The training file was loaded into WEKA for the learning process. A C4.5 learning algorithm ( weka classifier j48 ) was selected for the decision tree type. C4.5 is a popular decision tree learner with major advantages such as being able to handle numeric attributes and many other attribute types, missing values and also implement pruning. The minimum number of instances per leaf was made 50 and post-pruning was activated with a confidence factor of 0.25. Two types of pruning was used in the data processing, post-pruning , and online pruning. Post-pruning in the C4.5 algorithm evaluates the decision error (estimated percent misclassifications) at each decision junction and propagates this error up the tree. Its effect is controlled by the confidence factor. Lowering the confidence factor decreases the amount of post-pruning performed on the training set. Online pruning operates on the decision tree while it is being induced. Whenever a split is made which yields a child leaf that represents less than a minimum number of instances per leaf, the parent node and its children are compressed into a single node. These two pruning methods help to curb over fitting and reduce the size of the tree.

10-fold cross-validation was used to evaluate the performance of the classifier. It is a standard method and has been confirmed by extensive experiments to be the best choice for getting accurate estimates, thus stratification helps reduce the estimated error variance. Therefore, the training data is split into 10 subsets of equal size, each subset in turn is used for testing while the remainder is used for training. This was done for all possible combination and was handled by WEKA.

Results

After processing the training using 10-fold cross-validation on the data set, an optimized tree model of size 27 with 15 leaves was achieved. The correctly classified instances was 2870 (78.1 % of the trained data set ) and the incorrectly classified instances was 805 ( 21.9 % of the trained data set ). The confusion matrix for the training is shown in table 2. 1426 of the young class true positive with 413 being true negative.
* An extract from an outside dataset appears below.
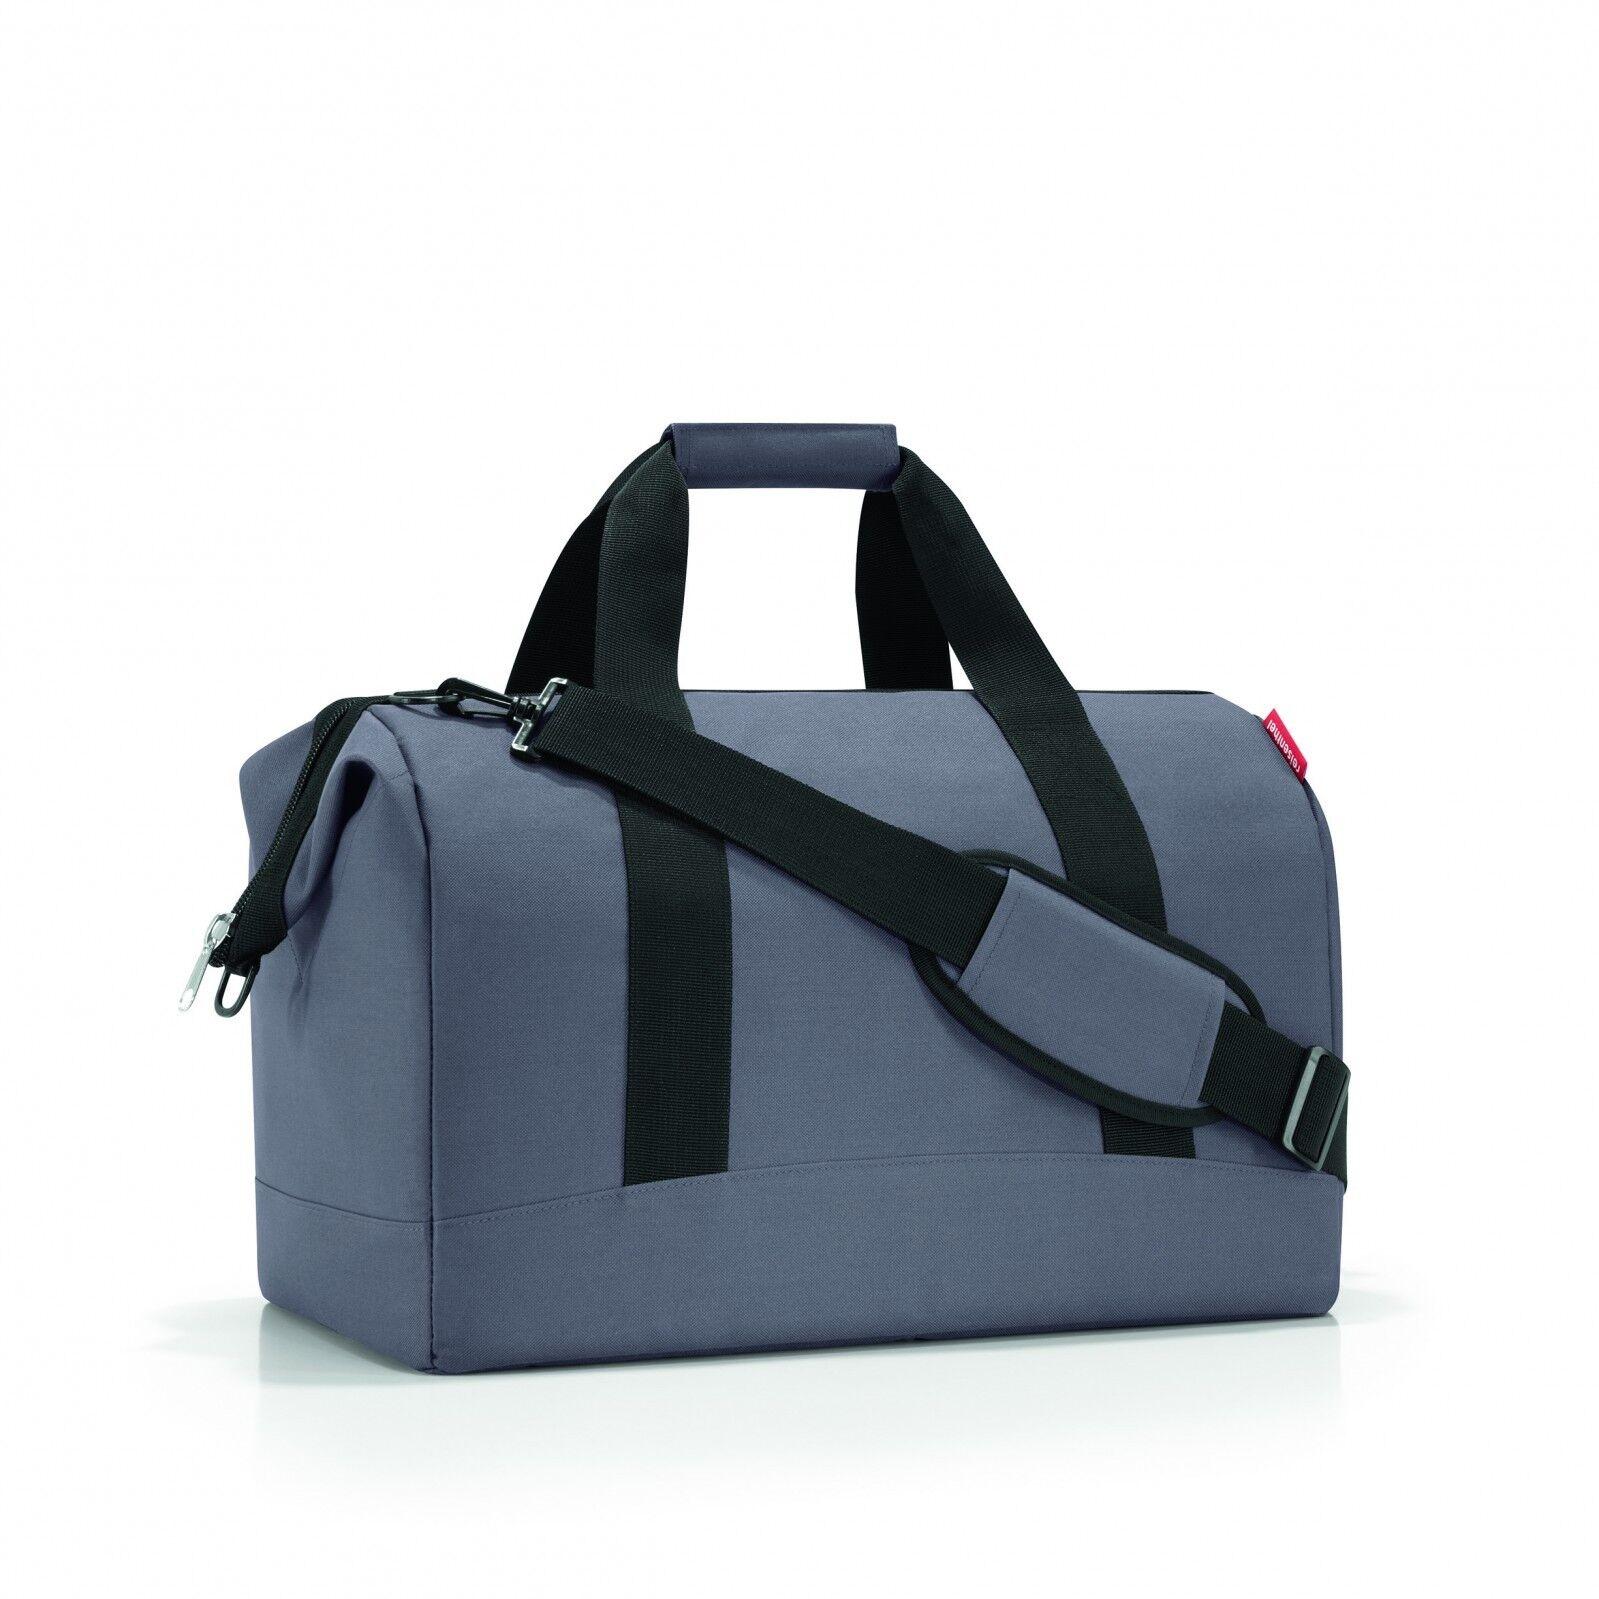 Reisenthel allrounder L Reisetasche Reisetasche Reisetasche Tasche Sporttasche Doktortasche ALLE FARBEN | Zu einem niedrigeren Preis  | Lebensecht  | Eine Große Vielfalt An Modelle 2019 Neue  e8fa67

Also, 1444 of the instances were false negative while 392 were false positive.

The output results of the final model can be seen here. It is evident that the learning algorithms did not depend on the following attributes: length, height, and viscera weight but rather used sex, diameter, whole weight, shucked weight, and shell weight to predict the age of the abalone. This reduction occured due to the level of pruning that was applied.
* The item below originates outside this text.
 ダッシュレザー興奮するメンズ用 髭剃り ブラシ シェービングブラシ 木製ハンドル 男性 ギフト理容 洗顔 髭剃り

The results indicate a modest tree size with a good performance. Variation in pruning parameters and ring discretization yielded poor performance and bigger tree size ( See output of model 1.txt, model 2.txt and model 3.txt ).

Tree Rule

if shell_weight <= 0.249 then
   if shell_weight <= 0.154 then age = Young -------------------- (1140.0/147.0)
   if shell_weight > 0.154 then
       if shucked_weight <= 0.3025 then
            if sex = M
                  if shell_weight <= 0.1775 then age = Young ----------- (55.0/26.0)
                  else age = Old ------------------------------------- (77.0/17.0)
            if sex = F then age = Old ------------------------------- (142.0/34.0)
            if sex = I then
                  if whole_weight <= 0.6175 then age = Young ---------(114.0/27.0)
                  else age = Old -------------------------------------(52.0/23.0)
       if shucked_weight > 0.3025 then
            if shucked_weight <= 0.3745 then
                  if whole_weight <= 0.788 then age = Young ----------- (159.0/40.0)
                  else age = Old ---------------------------------(69.0/25.0)
            if shucked_weight > 0.3745 then age = Young ------------ (184.0/39.0)

if shell_weight > 0.249 then
       if shucked_weight <= 0.3965 then age = Old ---------------- (356.0/55.0)
       if shucked_weight > 0.3965 then
            if shell_weight <= 0.2905 then
                  if sex = M then
                      if diameter <= 0.46 then age = Old ---------------- (57.0/27.0)
                      else age = Young ------------------------------- (59.0/21.0)
                  if sex = F then age = Young ------------------------ (87.0/41.0)
                  if sex = I then age = Old --------------------------- (22.0/9.0)
            if shell_weight > 0.2905 then age = Old ----------------- (1102.0/192.0)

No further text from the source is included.